In recent years, these spaces have been increasingly being remodeled into cafes and photo studios.
The cross-section of a Oriya-style house
A view of the workshop from the earthen floor
The traditional Kyo-Machiya high-ceilinged kitchen are leads into the workshop atrium in the back.
First Floor Layout
① Entrance Earthen Floor
② Earthen Floor
* A high-ceilinged atrium space for looms is in the back.
The Design of the Oriya Style
The house is specifically designed for weavers.
The atrium space in the workshop has beams near the ceiling, allowing a direct view of the attic, and ceiling windows to let in light.
The high ceiling above the kitchen sink area
A view of the living space
There are a series of rooms with a calm atmosphere.
A power loom that can weave a large width of Nishijin cloth
When it is turned on, a powerful sound echoes through the air.
The work process of Nishijin textiles is very efficient. Each task is an important one.
To control the weaving pattern, a thick paper with holes punched in it called "mongami" was used in the past, but now computers are used.
Large power looms are still in operation.

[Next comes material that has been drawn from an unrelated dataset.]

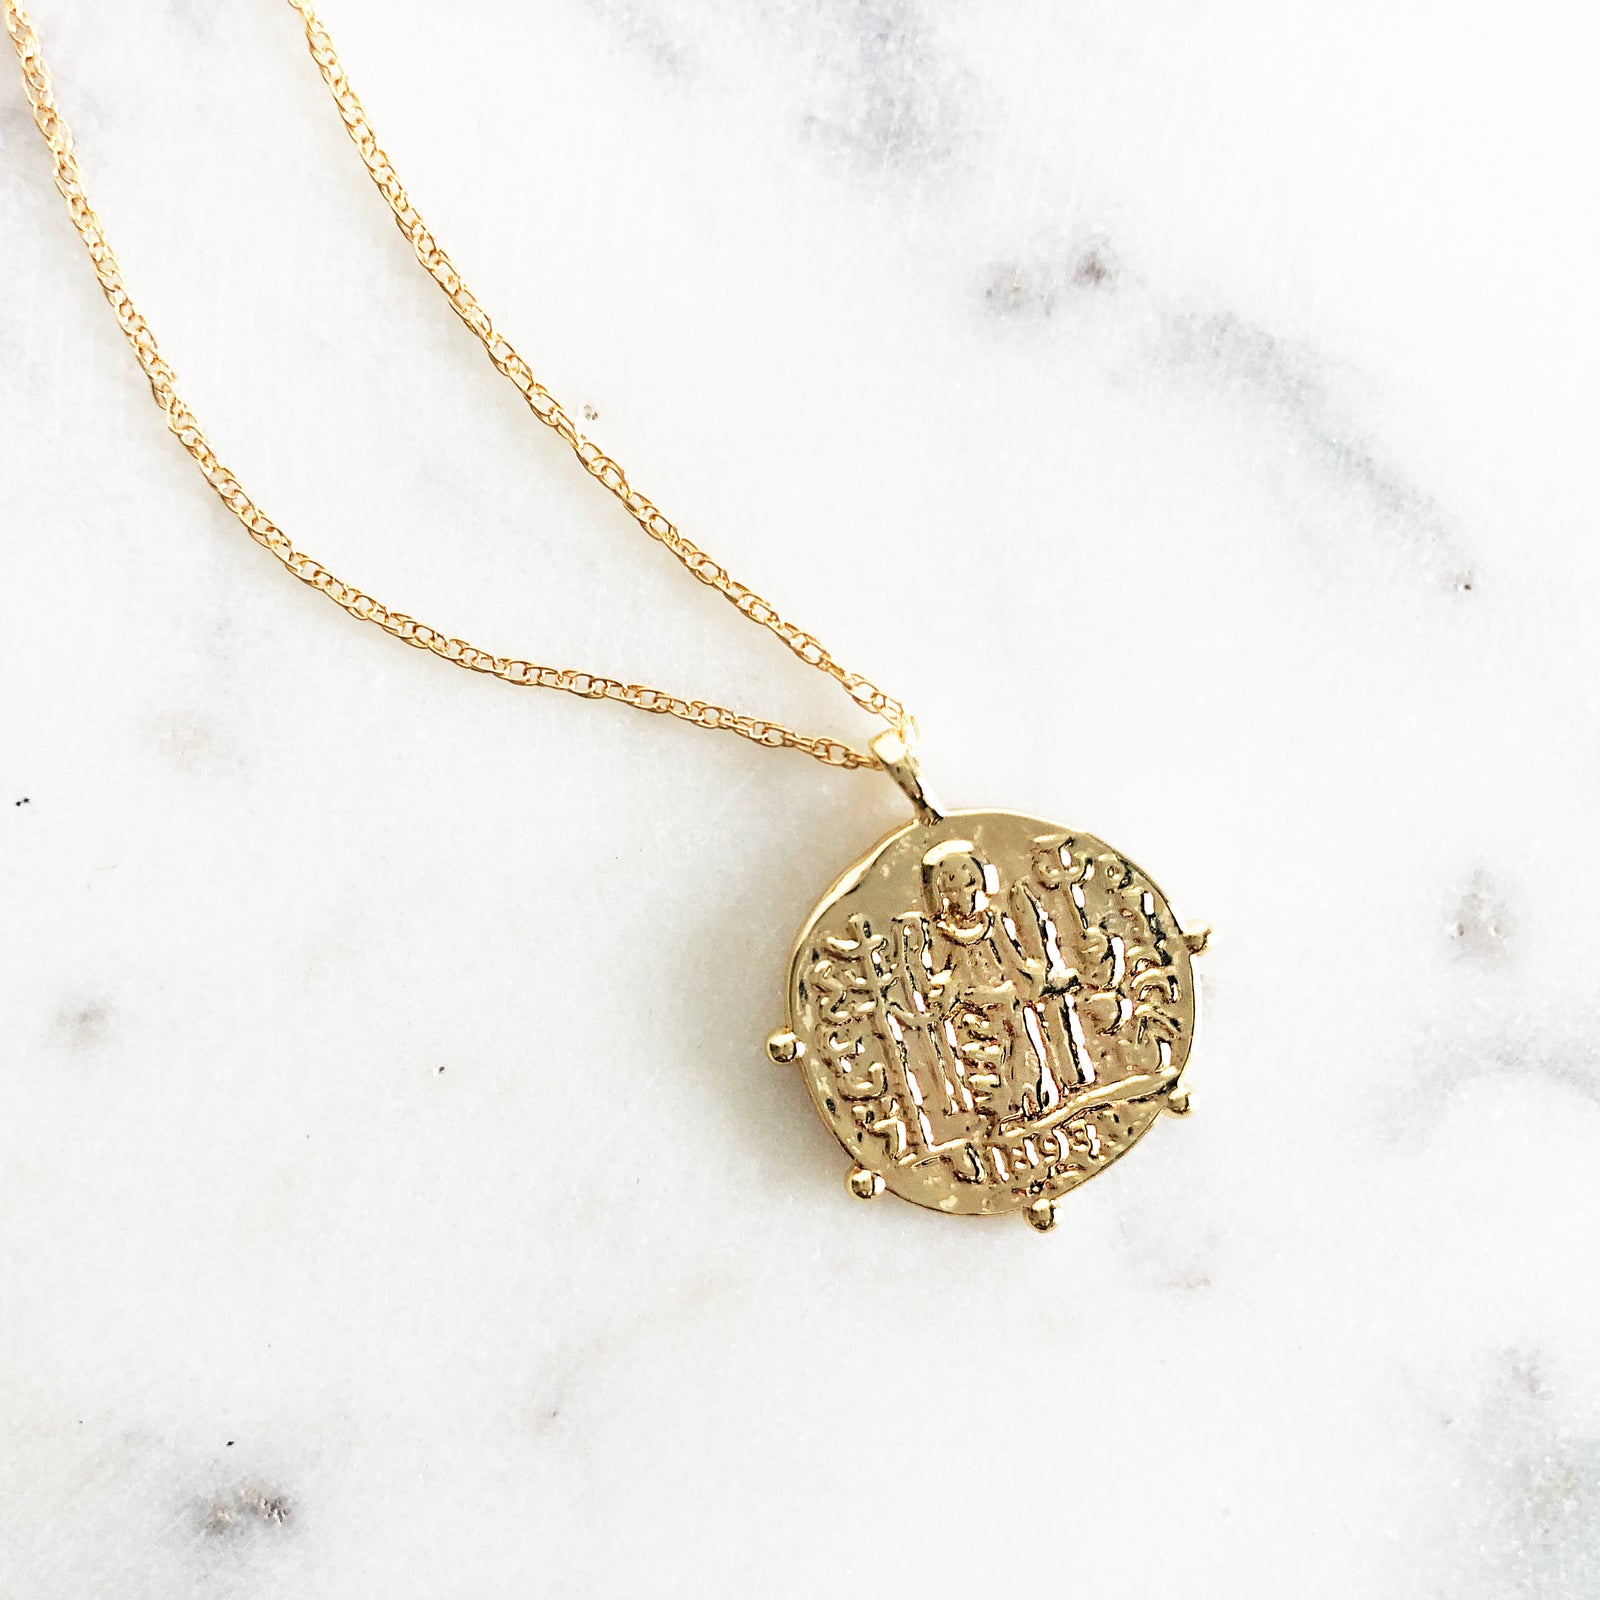 Gold pirate coin necklace

Single-Row, Three-Room Kyo-Machiya
Basic Form of Kyoto Machiya
What Is a Single-Row, Three-Room Kyo-Machiya House?
Three rooms are lined up in a row towards the back.
The floor plan of a Kyo-Machiya may be classified according to the arrangement of rooms. In the single-row three-room layout, three rooms (store, kitchen, and tatami room) are arranged in a row from the front along the inner passage garden that runs vertically through the hosue.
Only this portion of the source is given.